Resistance genes, chromosomal mutations defining quinolone resistance, serotype, fimH subtype, multilocus sequence typing (MLST), and virulence genes of ciprofloxacin-resistant E. coli strains were analyzed using ResFinder 4.0, PointFinder, SerotypeFinder 2.0, FimTyper 1.0, MLST 2.0, and VirulenceFinder 2.0 tools, from the Center for Genomic Epidemiology (CGE) (https://cge.cbs.dtu.dk/services/). E. coli phylogenetic grouping was performed using the ClermonTyping tool (Beghain et al., 2018).
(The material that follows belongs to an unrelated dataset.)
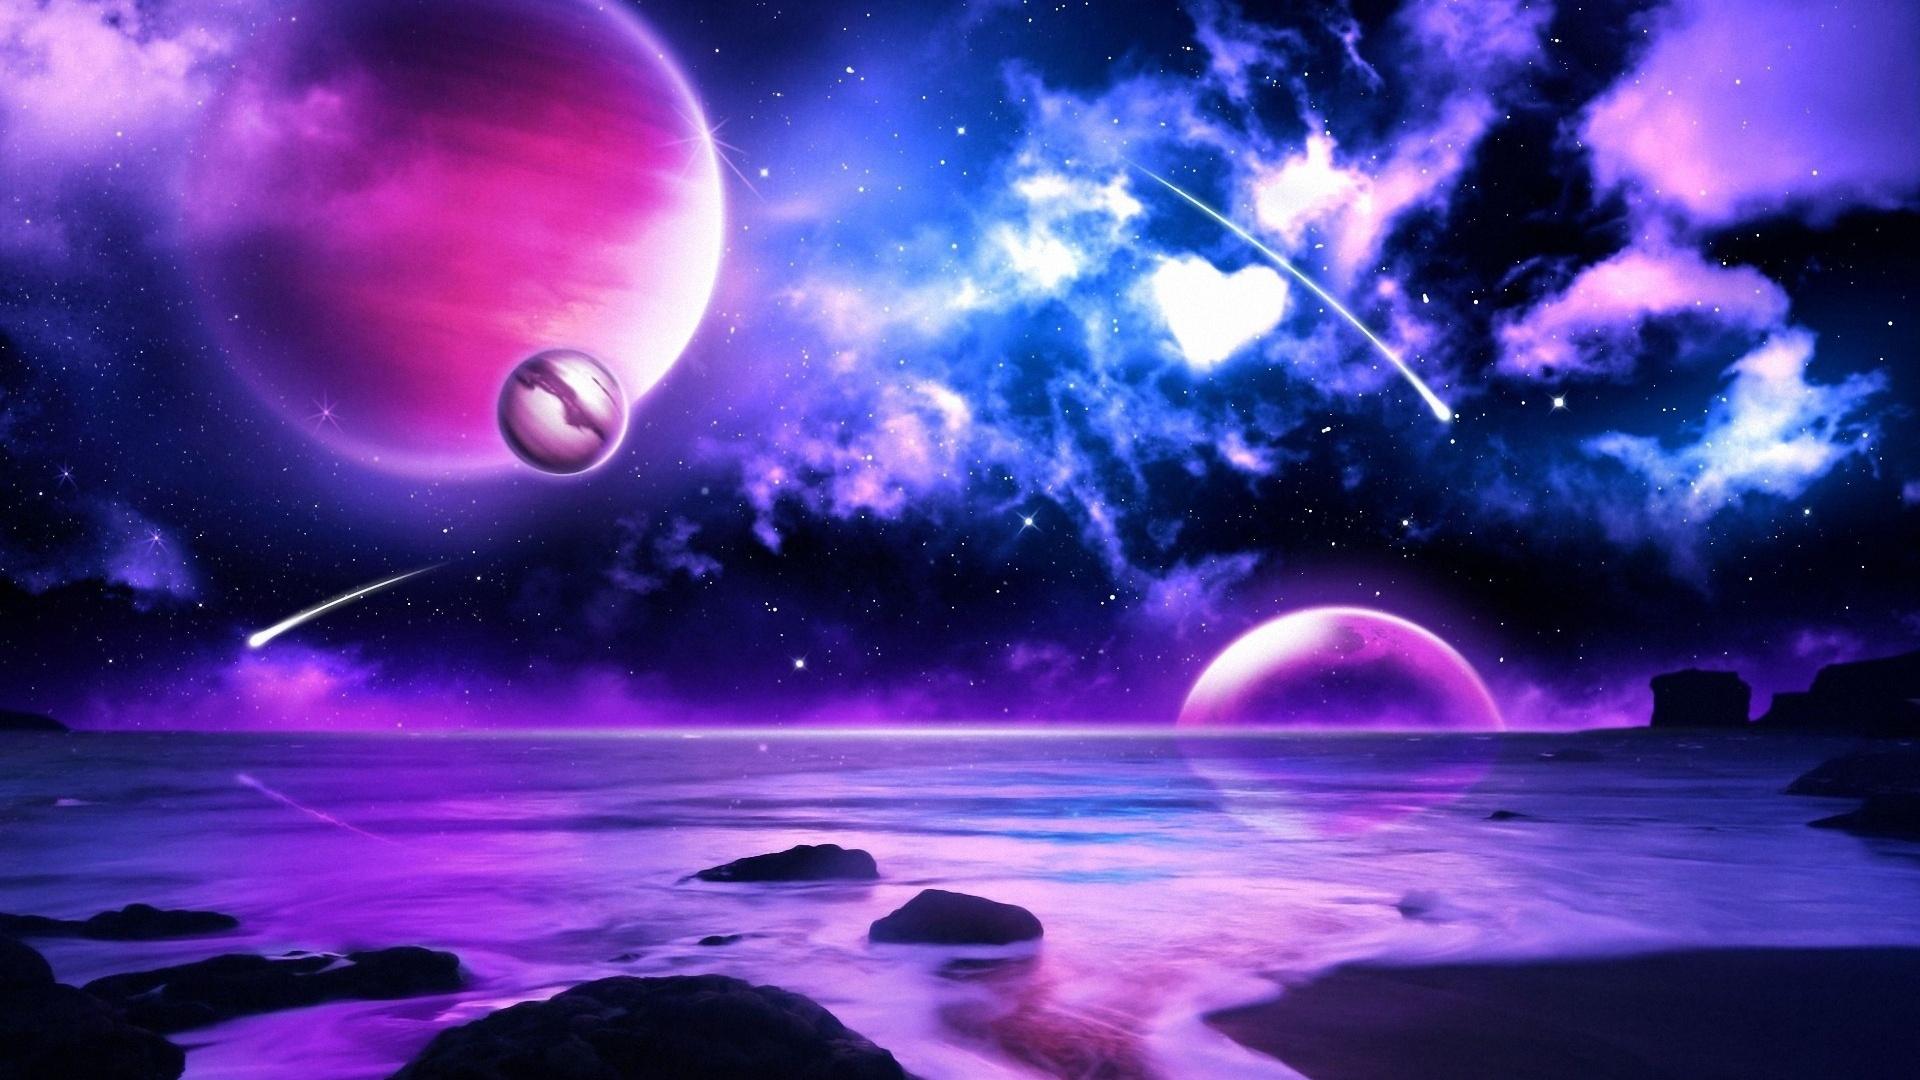 Galaxy Space Live Wallpapers Hd By Narendra Doriya: Espace Pourpre Fond D'écran HD

Insertion sequence elements were identified using ISfinder (https://isfinder.biotoul.fr/). All drafts and ST-relevant genomes from Enterobase (Zhou et al., 2020) were submitted to kSNP3.0 (Gardner et al., 2015) for single nucleotide polymorphism (SNP) identification, then used to construct a phylogenetic tree with 100 bootstraps which was later visualized using the iTOL website (https://itol.embl.de/). Sequence comparison and map generation were performed using BLAST and Easyfig v2.1 (Sullivan et al., 2011), respectively. Strains were classified as extraintestinal pathogenic E. coli (ExPEC) if they exhibited positivity ≥2 for the following: papAH and/or papC (P fimbriae), sfa-focDE (S and F1C fimbriae), afa-draBC (Dr-binding adhesins), iutA (aerobactin siderophore system), and kpsM II (group 2 capsules). Strains were classified as uropathogenic E. coli (UPEC) if they showed a positivity ≥2 for chuA (heme uptake), fyuA (yersiniabactin siderophore system), vat (vacuolating toxin), and yfcV (adhesin) (Malberg et al., 2020).

Statistical Analysis

Categorical variables were assessed using two-tailed chi-square or Fisher exact tests, where appropriate. Data followed by P ≤ 0.05 were considered statistically significant.

Results

Antimicrobial Susceptibility Testing

The results of resistant rates of individual antibiotics after antimicrobial susceptibility testing among the studied isolates are shown in . Summarily, a majority of the isolates were highly resistant to tetracycline (58.9%), followed by ampicillin (54.0%) and trimethoprim/sulphurmethoxazole (47.5%). On the other hand, low resistance was observed in the isolates to ceftazidime (0.3%), whereas no isolate was resistant to imipenem (0.0%). Almost half of the isolates (n= 293, 49.2%) were resistant to three or more different antibiotics, typical of multidrug resistance.

Table 1

MIC profiles of 10 antibiotics against 596 Escherichia coli strains isolated from rectal swab samples collected from 736 children.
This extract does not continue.